14 Local is not Parochial
CC: BRITTA PETERS works as a curator with a focus on art in public space. Since 2018, she has been the artistic director of Urbane Künste Ruhr, a decentralized institution for contemporary art in the Ruhr region. Previously, she was curator of Skulptur Projekte Münster 2017 in a team with Kasper König and Marianne Wagner and, in addition to various freelance projects, director of Kunstverein Harburger Bahnhof in Hamburg from 2008 to 2011. For the years 2020–2022 she is a member of the jury for art in public space in Vienna.

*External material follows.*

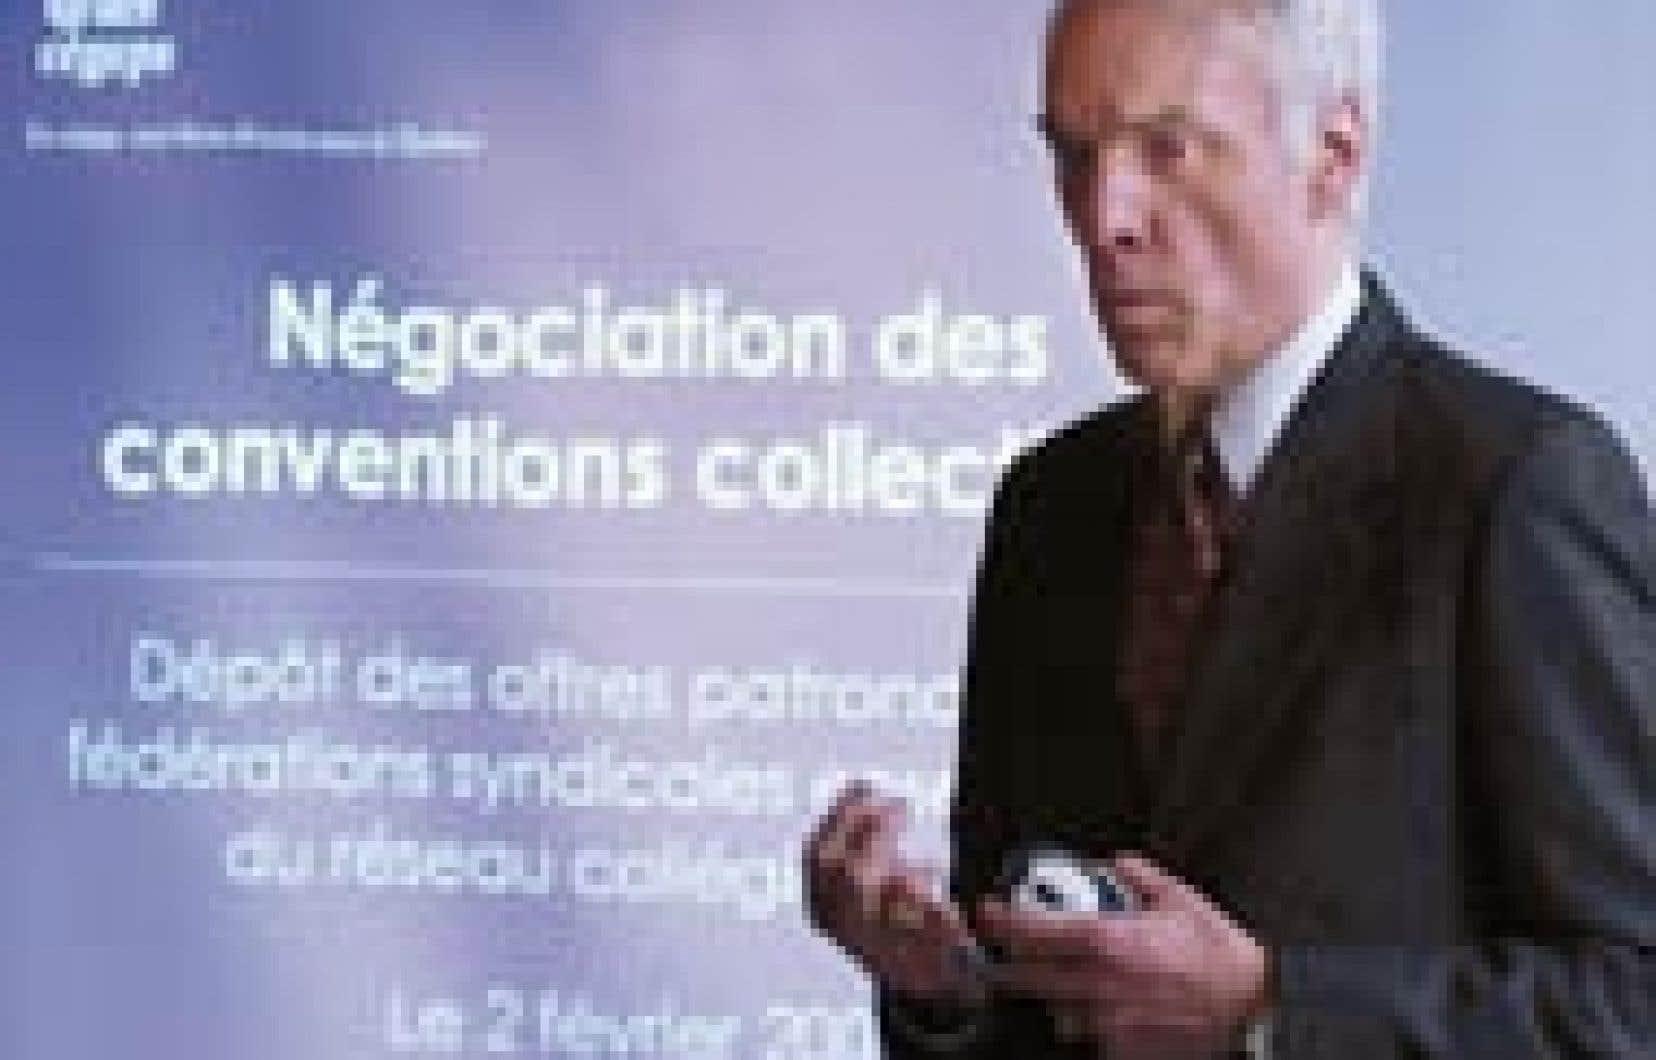 Gaëtan Boucher, président de la Fédération des cégeps, a donné le ton aux négociations qui s'amorcent en réclamant des conventions collectives plus souples.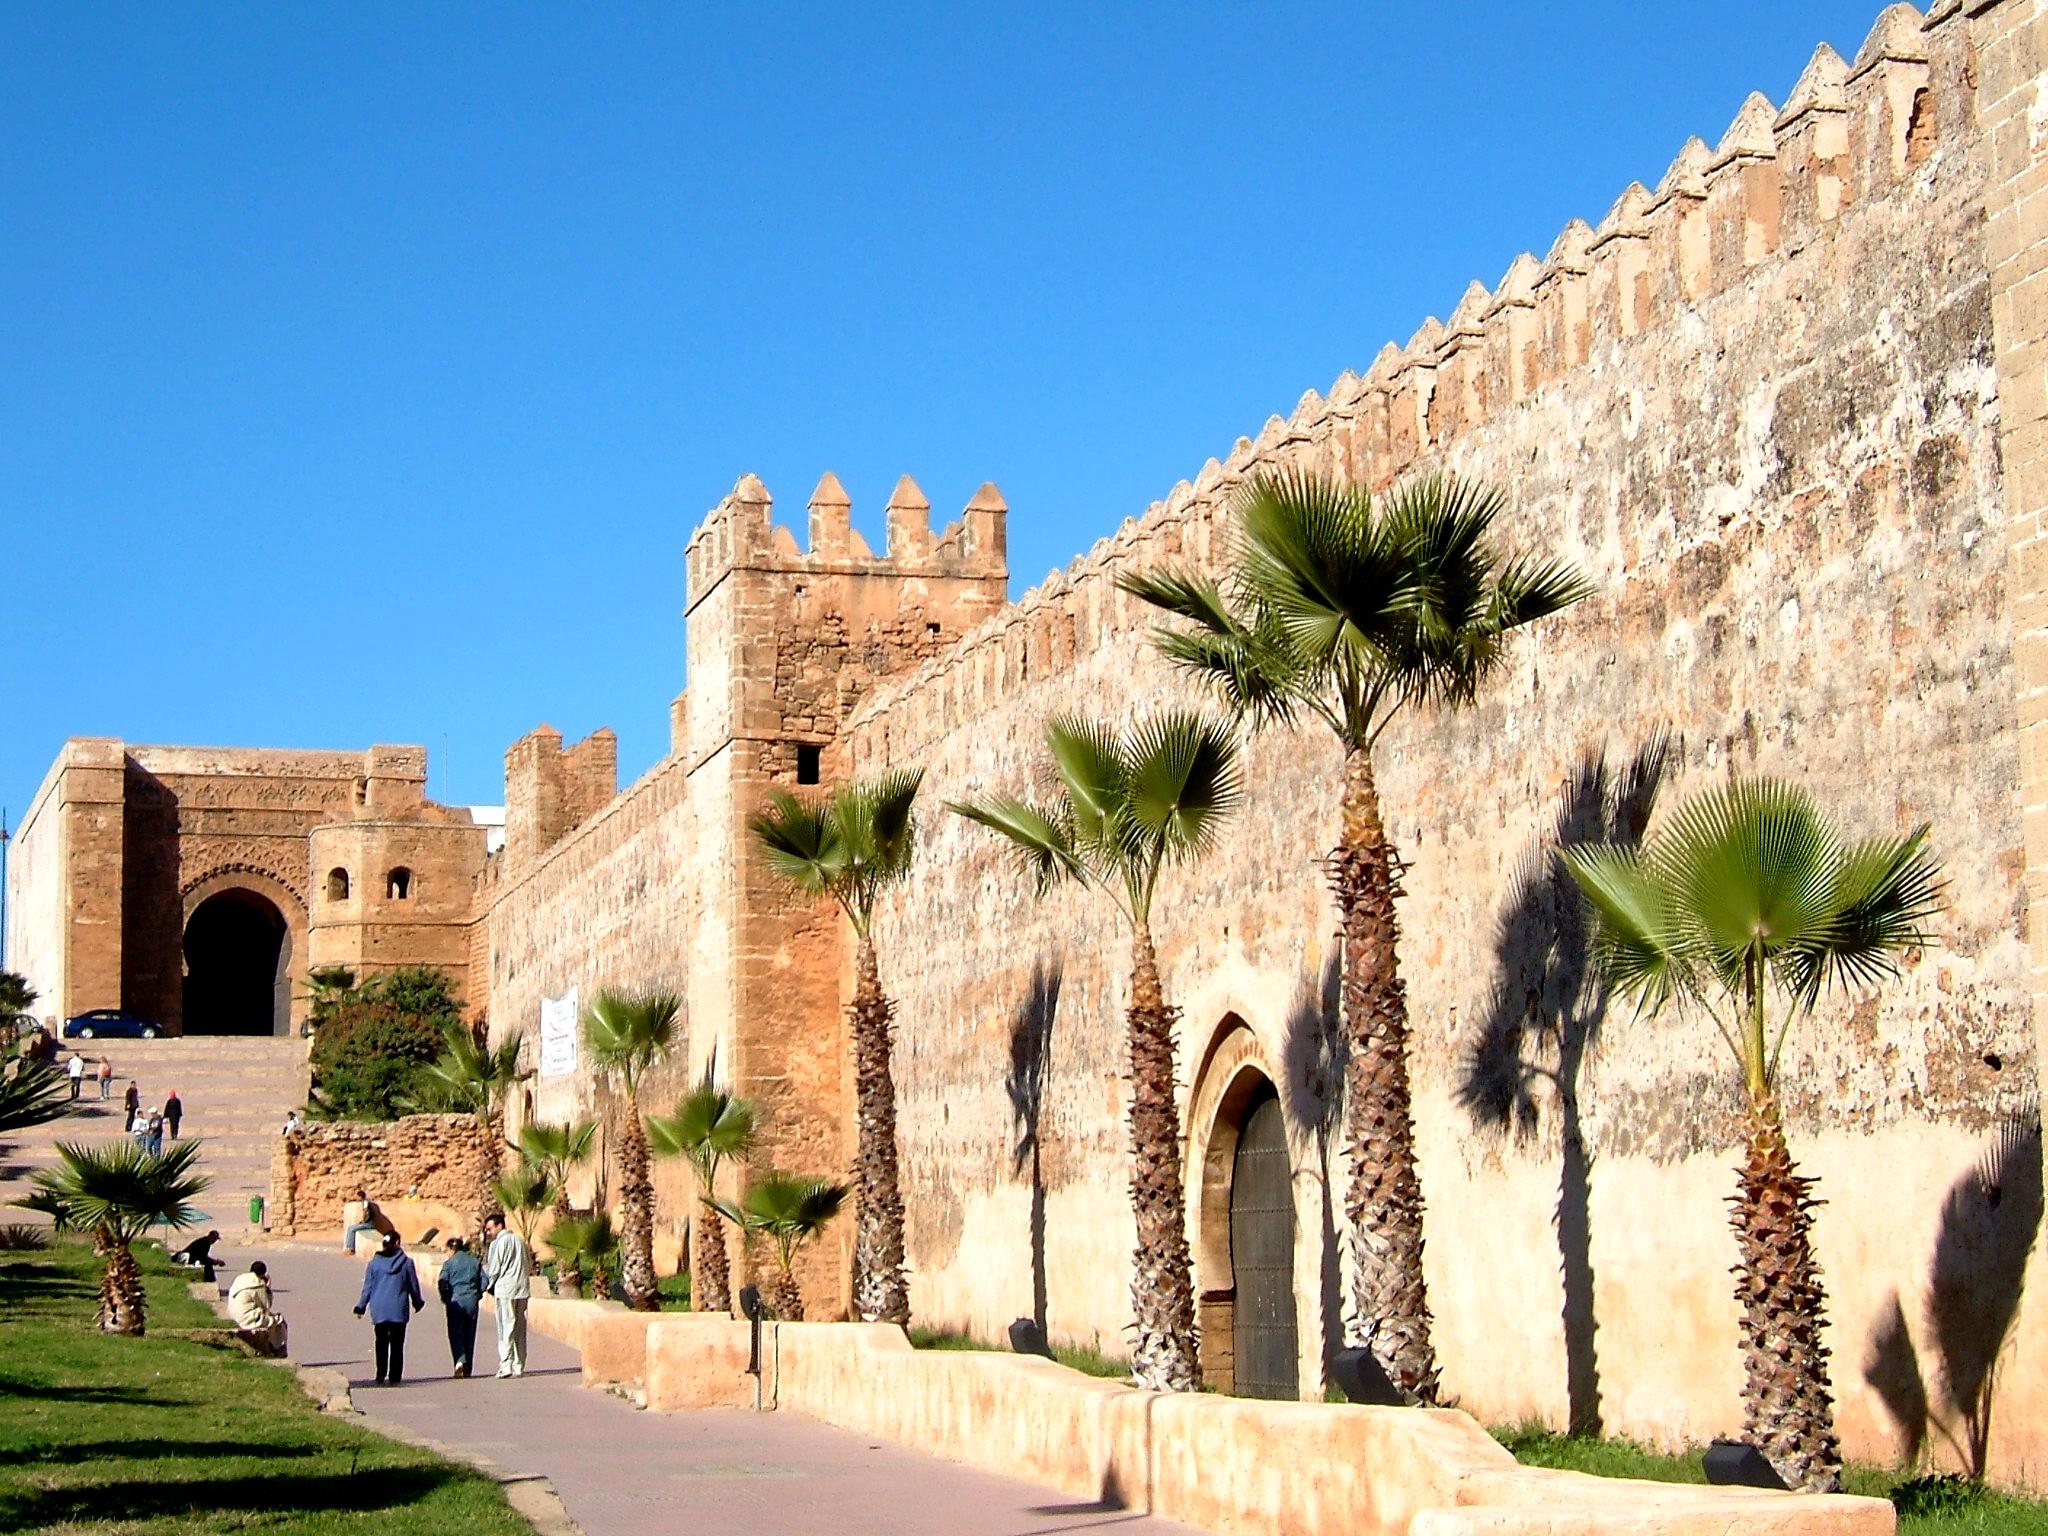 Fassino in Marocco: scambi, culturali e non solo, in vista

Is Atze Schröder a Local Artist? AN ESSAY ABOUT RESIDENTIAL STREETS, REGIONAL VEGETABLES AND INTERNATIONAL EXCHANGE Text: Britta Peters Translation: Good and Cheap Art Translators
Roderick Buchanan, The Hexagon Pitch, Ruhr Ding: Territorien Urbane Künste Ruhr 2019, Photo: Henning Rogge
I recently happened to read that the comedian Atze Schröder, the Ruhr icon par excellence, has been living in Hamburg for years and is very happy there. Well, would you look at that! Is he still considered a local artist now, or has he become someone else overnight for his local fans? A Hamburg big cheese? This snippet likely also caught my eye because, as the director of the institution Urbane Künste Ruhr, I am frequently faced with discussions about the regional origins of the participating artists. Once, I wearily tried to counter the conflict by referencing the actual participation of Ruhr-based artists and groups in the last few projects. For contrary to the perception of a few – who are all the more vociferous for it – they are not a minority, and due to the site-specific work and the number of collaborations, there is already a strong grounding in the region. As I recited this list, the conversation ended up on the following track: a good ten artists living in the Ruhr region,
as well as the acknowledgement of one who had already died, and yes, this artist counts too: he lives in Leipzig now, but he was born and raised in Duisburg. As soon as I said it, it felt one hundred percent wrong. I had entered into a game whose rules were not only inscrutable but above all absurd. Thinking in terms of categories of origin as a criterion for inclusion or exclusion inevitably leads to a dead end one way or another – and all the more so with regard to spatial and cultural migration movements that are even greater than from Duisburg to Leipzig or from the Ruhr to Hamburg. Unless the information on a curriculum vitae is filled with content, it remains meaningless. The various environments and influences to which a person is exposed can only be understood as potential shaping factors. They say nothing about the intensity and nature of someone’s experiences, and certainly nothing about the quality of potential art projects.